2. Rapport sur l'activite du Comite international de la CroixRouge en faveur des "partisans" tombes aux mains do l'ennemi, Geneva, October 1946.
To begin with, it will be quite clear that the war did not end in Yugoslavia in April or May, 1941. Article 42 of the Annex to the Hague Conventions states very clearly that:
A territory is considered occupied when it is actually placed under the authority of the hostile army. The occupation extends only to the territory where such authority has been established and can be exercised.
The second sentence quoted above is of special importance. No doubt the Germans, had they so chosen, could have left sufficient troops in Yugoslavia to establish their authority throughout the country. But they chose not to do this. They were pre-occupied with the forth-coming campaign in Russia, and pulled out their troops before hostilities had been fully concluded in practical effect and while large portions of the country, particularly in the mountains, were controlled by substantial enemy forces who announced openly that they would continue to resist. Whatever might be the rule in other circumstances, it was not open to the Germans to sweep through Yugoslavia, evacuate the bulk of their troops before their authority had been fully established, and then declare that all future resistance would be considered a violation of the laws of war.
Furthermore, the cause of the Yugoslavian and Greek resistance forces was at no time hopeless, as events have abundantly proved. Governments-in-exile were promptly established, under whose authority these forces continued their operations, indeed, long before the end of the war, there was an enemy government within Yugoslavia. Powerful allies of the Yugoslavs and Greeks continued to maintain armies in the field and to assist the resistance groups.
Furthermore, if we look at the question as presented in this case from a practical standpoint, we again discover that the case is not nearly so difficult as it seemed at first blush. If resistance forces consist only of a few small bands, whose activities are limited to sniping and minor sabotage and who enjoy no support from other powers, there may indeed be reason for denying them the status of belliger ents.
1 But there can be no reason for such a policy when the enemy remains in large numbers, and fights in large units and with modern weapons. To deny his troops the status of belligerents under such circumstances will merely invite counter-reprisals against troops of the occupying power, and a senseless war of extermination may ensue. Even more important, such a policy will inevitably rally more and more inhabitants of the occupied country to the standard of the resistance forces. These very arguments were presented to Loehr and Lueters by Colonel Heinz, Commander of the 4th Brandenburg regiment, in July 1943. Discussing the impossibility of capturing Tito and his staff by orthodox military action, Heinz declared:
Such an elimination can only be achieved by former partisans in cooperation with the Brandenburg regiments.

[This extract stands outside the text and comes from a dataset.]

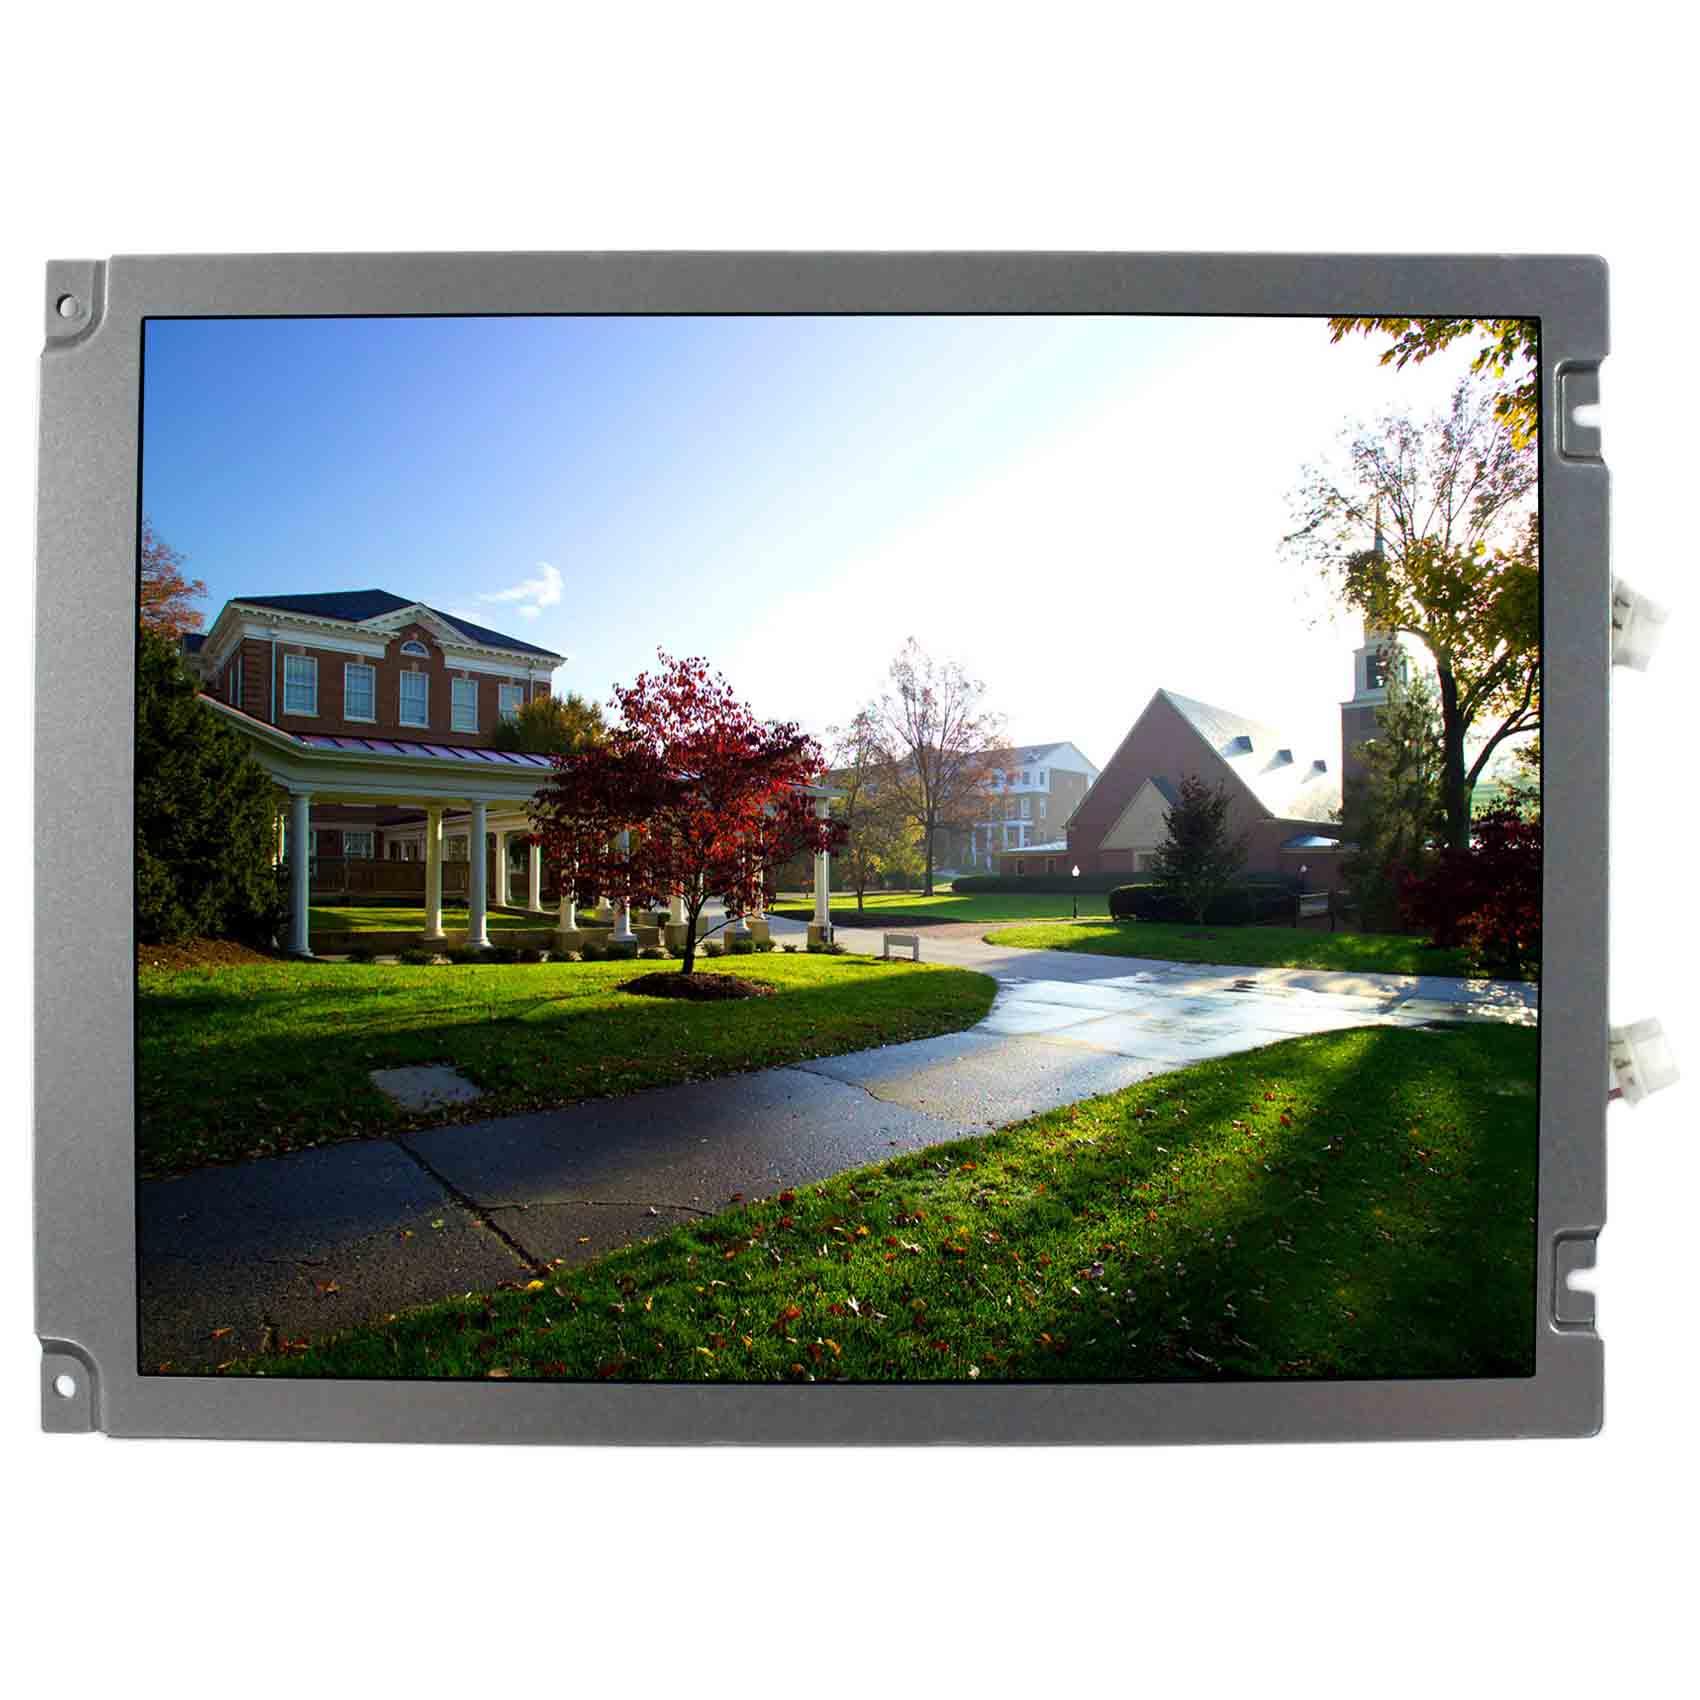 12.1  12.1inch 800X600 LCD Screen LQ121S1L7512.1  12.1inch 800X600 LCD Screen LQ121S1L75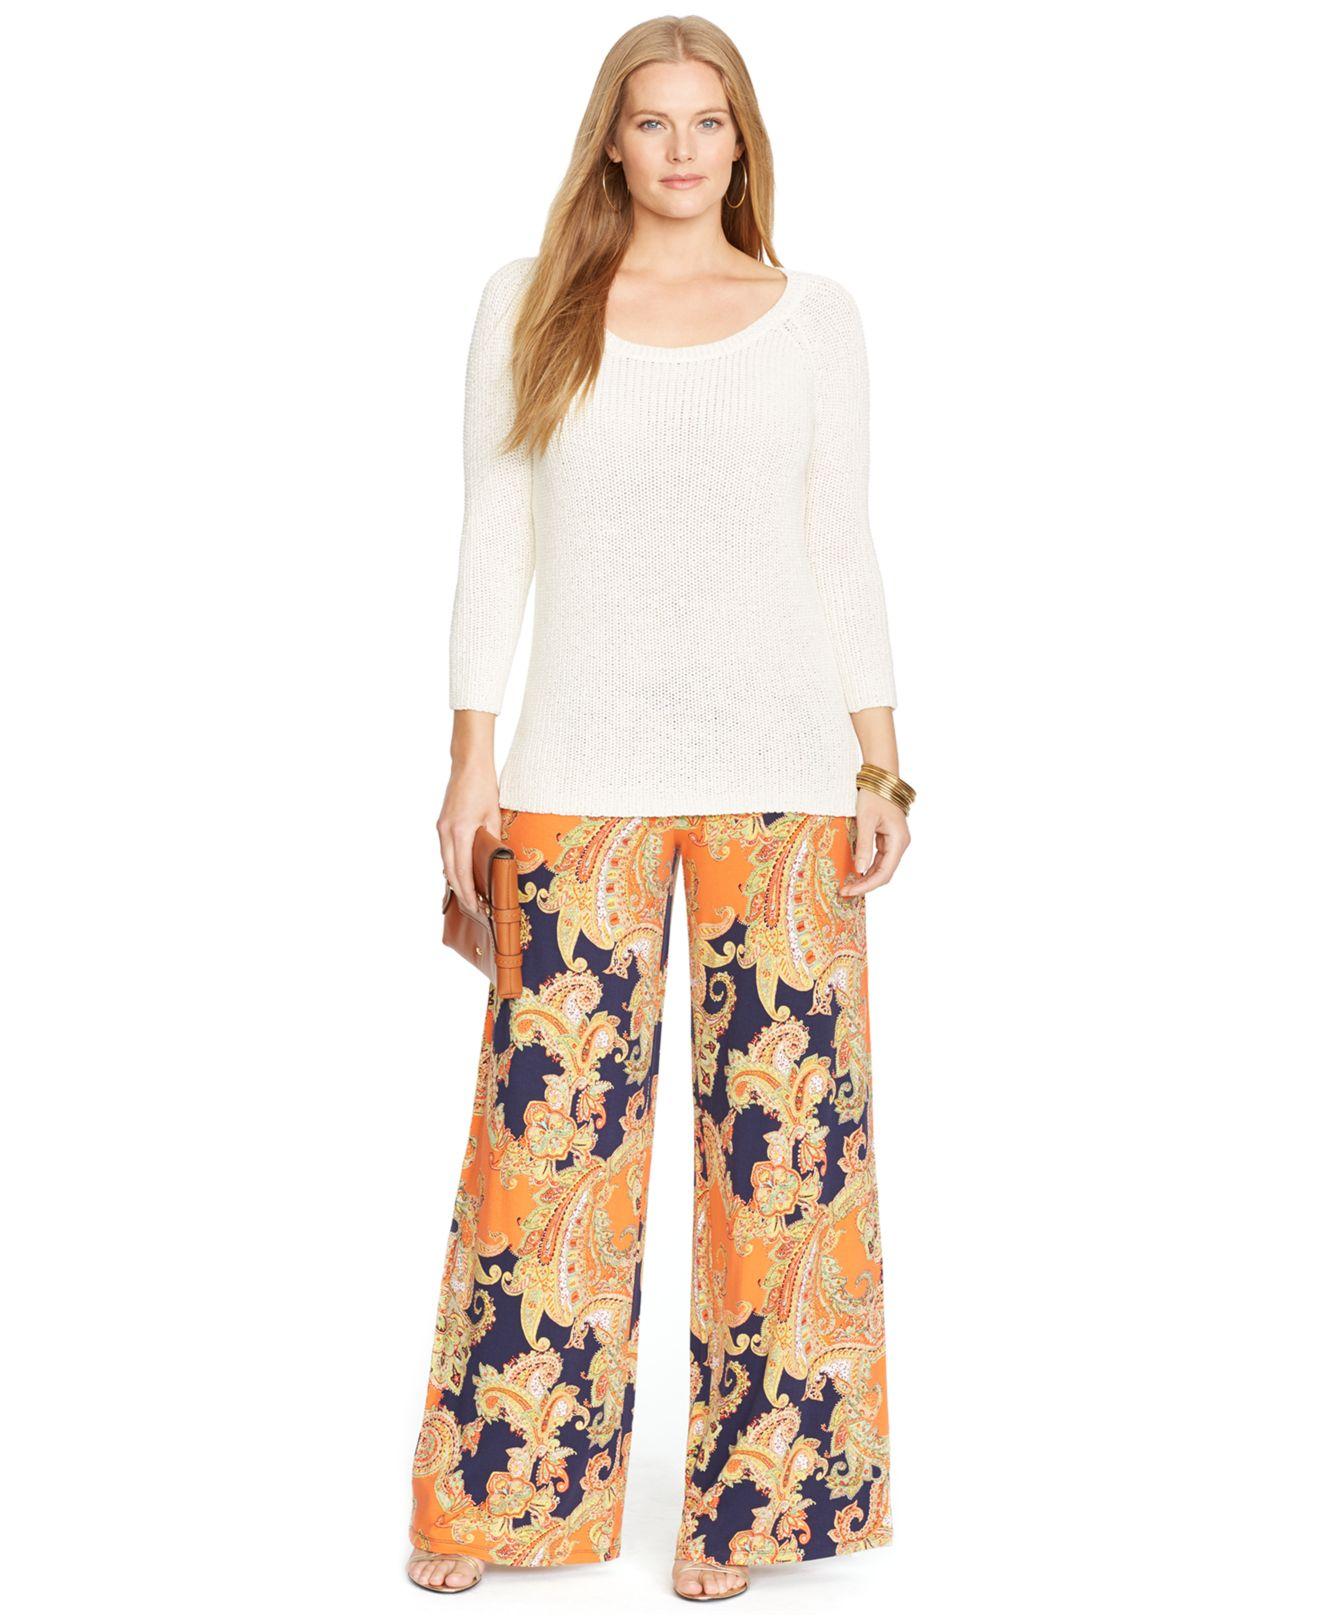 Plus Size Wide Leg Jeans For Women

The method followed up to now of shooting to death all partisans without distinction, could never be successful. Many became partisans by the combined influence of several circumstances such as Usataschi-Moslem-or Cetnik-atrocities, want and starvation, terror and duress by other partisans.
They stay partisans because the way back is blocked by the German orders. They have lost their country and their family, and so they fight to their death.
Since the political conditions in Croatia are not improving, now partisans replace those who are killed.
According to observations of my troop, it would have been possible to win over a certain percentage of the captured partisans for fighting on the German side, if their lives were spared and food, as well as their return to their homesteads later on, were guaranteed.
1. But the distinguished jurist, Oppenheim, would not even agree with this statement, Oppenheim, International Law, Sec. 60 (1928).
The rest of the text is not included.